Multi-source contamination mapping on the ground: A novel approach

Abstract

Multi-source contamination mapping is a critical aspect of radiation detection and environmental monitoring. This paper introduces an innovative algorithm for accurate and efficient multi-source contamination mapping. The algorithm comprises two main components: (1) search area identification and (2) source localization using a particle filter. The search area identification involves extrapolating directional measurements to create search areas, employing clustering algorithms to refine these areas, and generating final search areas based on weighted factors. The incorporation of directional measurements significantly enhances performance by reducing parameter search space of the particle filter and thus improving practical application potential. The particle filter-based source localization employs a four-stage process, involving generation of initial guesses, comparison of expected and acquired measurements, employing genetic algorithms for particle selection, and a convergence criterion. The algorithm’s efficacy is demonstrated through four simulated experimental scenarios, each with varying numbers and densities of point radioactive sources.
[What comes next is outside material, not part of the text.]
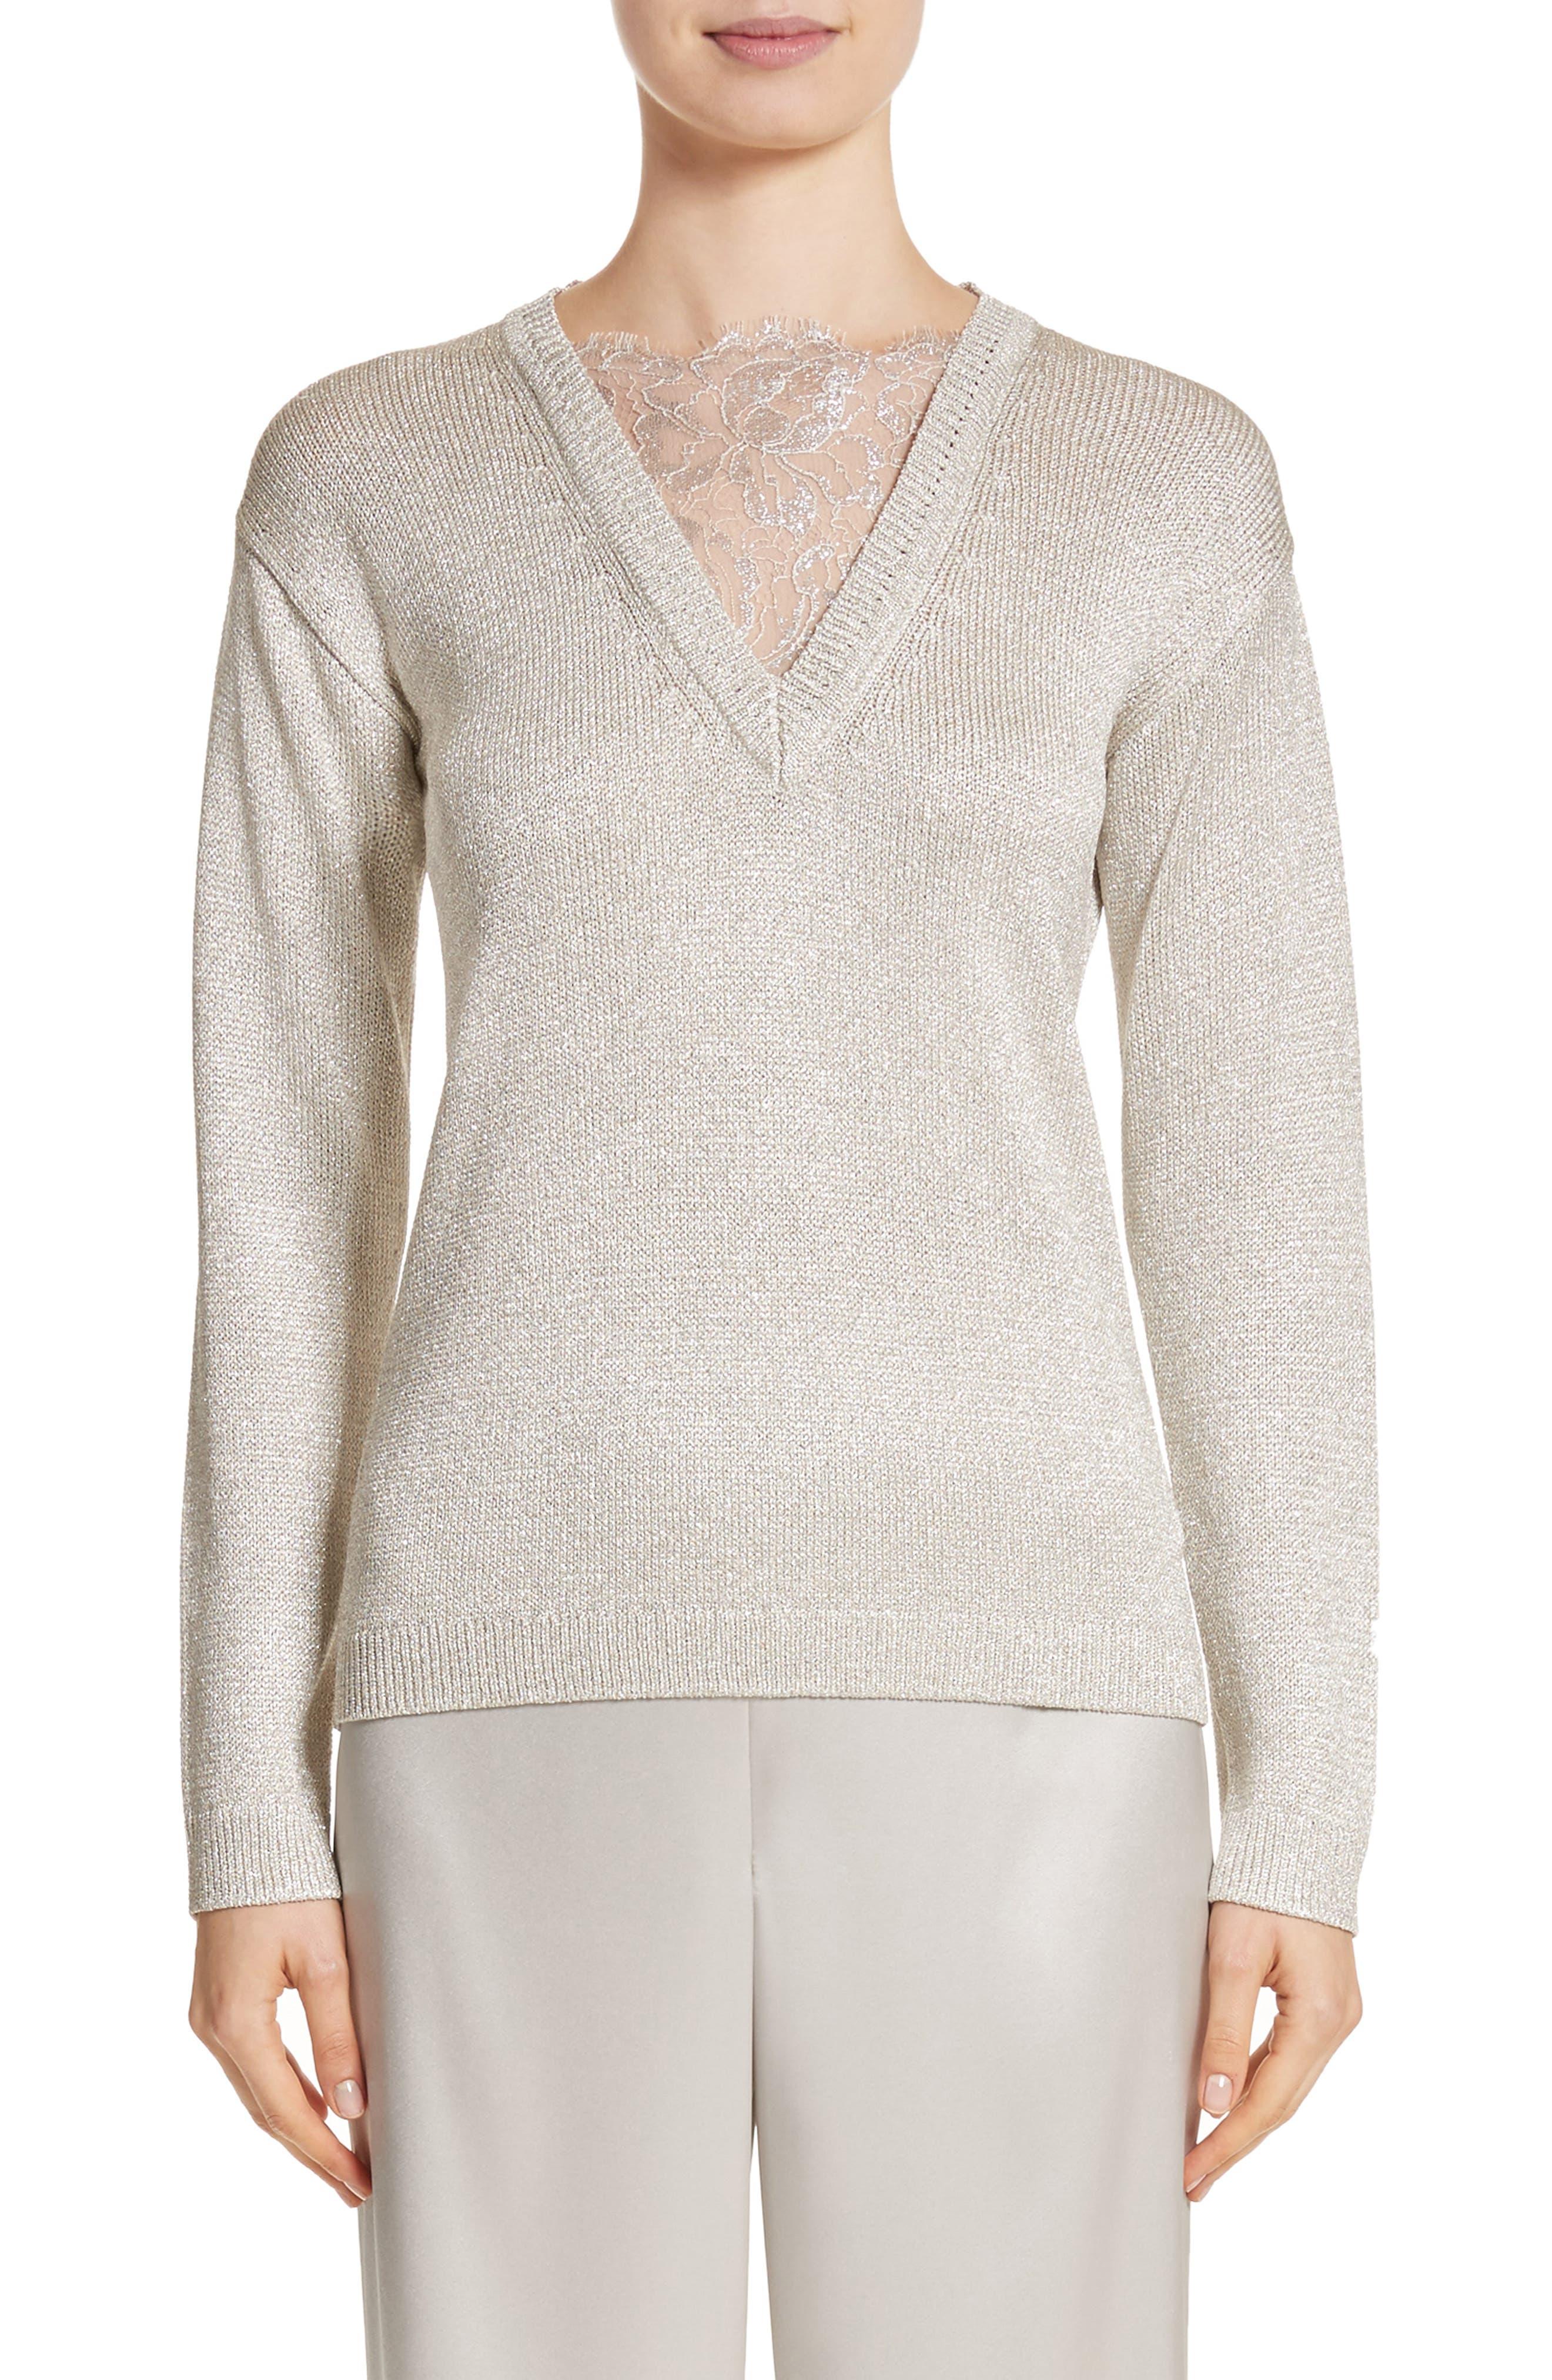 Alternate Image 1 Selected - St John Collection Metallic Jersey Knit Sweater
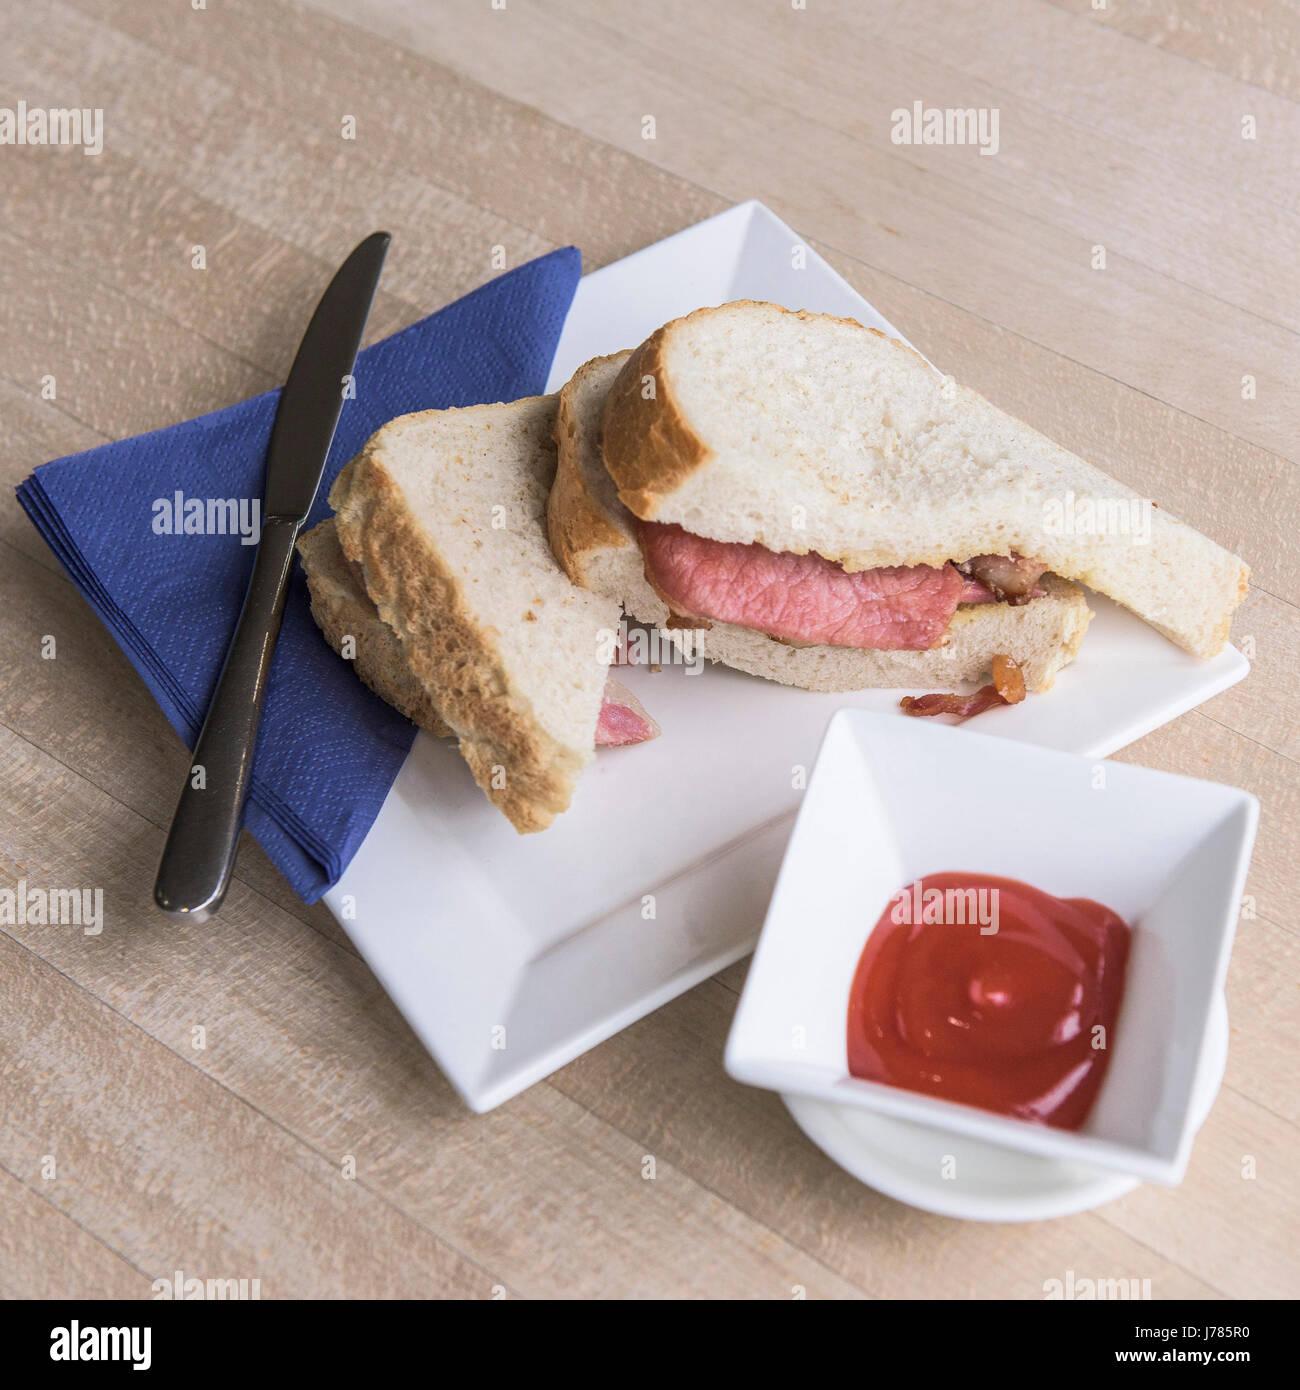 A bacon sandwich; Food; White bread; Bacon rashers; Ketchup; Plate; Knife; Napkin; - Stock Image

Results illustrate successful search area identification and source localization with an average error of approximately 1 meter and source activity estimation of within 25% of the ground-truth values. Further improvements to the area clustering algorithm, improved mission planning for online applications, and extensive testing of the algorithm are planned in the future. With these improvements, the algorithm presented here could enhance the ability to respond to radioactive contamination incidents swiftly and effectively, ensure timely mapping of contaminated areas, and maintain human safety in the event of an incident.